野田内閣総理大臣 先般の答弁というのはまさに一般論として申し上げたんですけれども、基本的には、海保、警察がまさにその執行をする立場です、警察権を行使するという立場であります。それでも手に余る状況になったときに、自衛隊が治安を維持するために出動するということの一環の中で申し上げている話であって、だから、個別の案件ではいろいろなケースがあるということだというふうに思いますけれども、それを、まさに今、この尖閣の問題でそのことを前提に何かを考えていたわけではありませんけれども、ただ、いろいろなシミュレーションはやっておかなければいけないというふうに思います。(東(順)委員「実効支配の充実というところはどうですか」と呼ぶ)

 これについては、東京都が尖閣を購入するその計画の中身であるとか、あるいは、所有者も含めてでありますけれども、さまざまなレベルでさまざまな意見交換をしていく中で、どういう形のものが望ましいのかということを、余り総合的にという言葉は使いにくくなってしまいましたけれども、総合的に検討させていただきたいというふうに思っております。

東(順)委員 私、持ち時間が三十五分なんですよ。もっともっと突っ込んだやりとりをやりたいんですけれども、ほかに聞きたいこともありますので、次に移ります。

 もう一つは、若い人たちに対する歴史教育です。これは、やはり私は、戦後、日本の教育というのは、日本の近代の歴史ということを正確に教育してきたんだろうか。あるいは、竹島のこと、尖閣のこと、北方領土のこと、きちっと正対して真正面から若い人たちに教育をしてきたんだろうか。正直、物すごい危惧を覚えます。
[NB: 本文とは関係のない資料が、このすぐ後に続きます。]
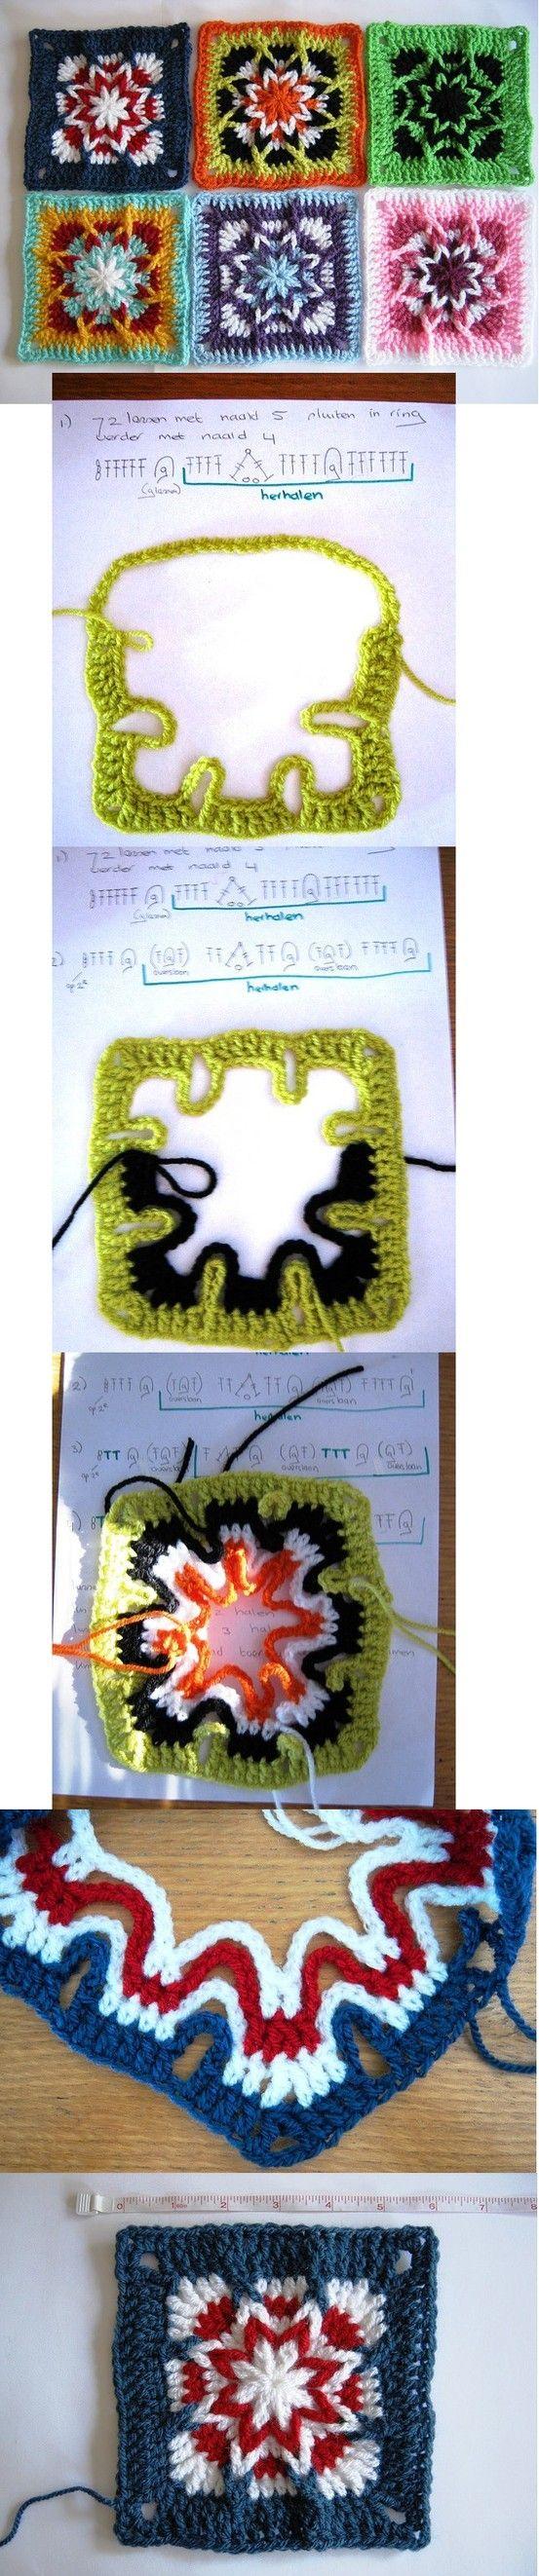 interesting technique for this crochet granny square!!!
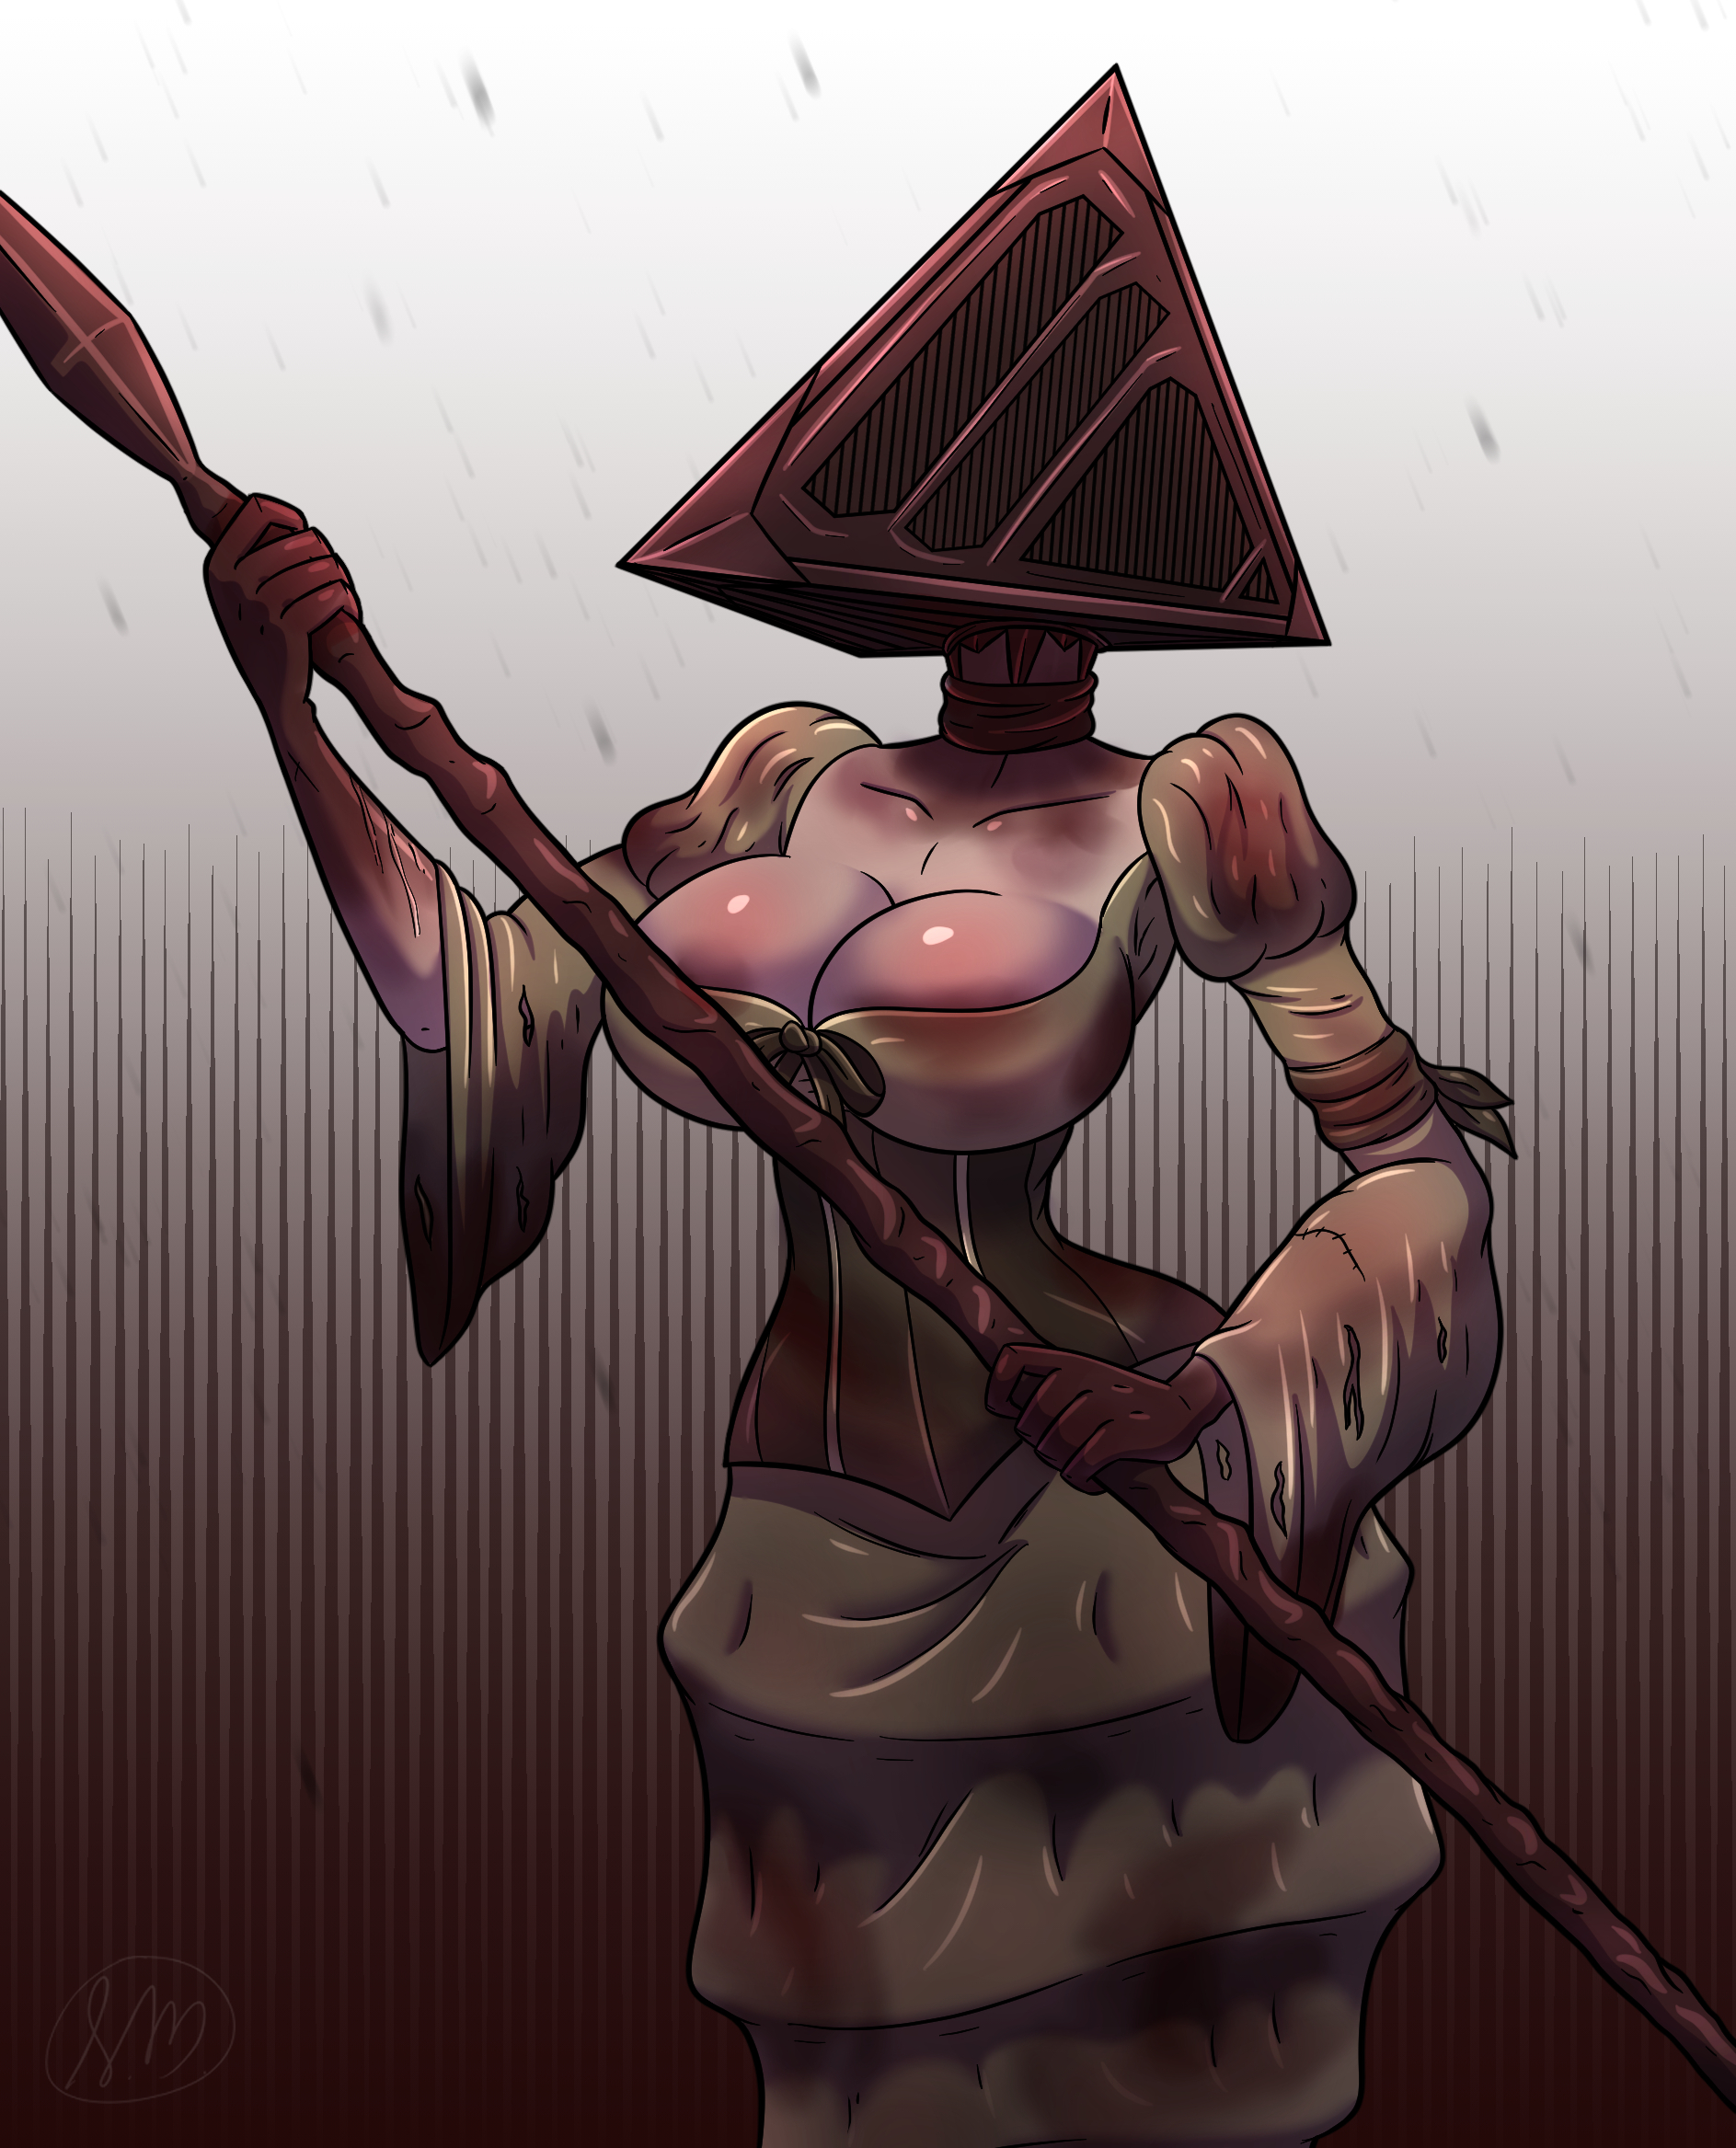 Triangle lady

 それで、例えば今回のようなことになってきたら、一気に中国でデモが広がる、あるいはまた尖閣にああやって上陸をしてくる、英雄視されて帰る。彼らが叫んでいるのは日本帝国主義打倒ですよ、日帝打倒ですよ。日本帝国主義打倒といったって、どこが日本が帝国主義なんだよ、時代錯誤も甚だしいよ。この人たちは本当に言葉の意味をわかって言っているのかね、率直に僕は、テレビの画像を見るたびにいつもそう思います。もう枕言葉のごとく、これさえ言っておけばデモは盛り上がる、これさえ言っておけば英雄視される、香港に意気揚々と英雄のごとく帰る。これは、間違っているけれども、やはり歴史教育をしてきているんですよ、韓国も中国も。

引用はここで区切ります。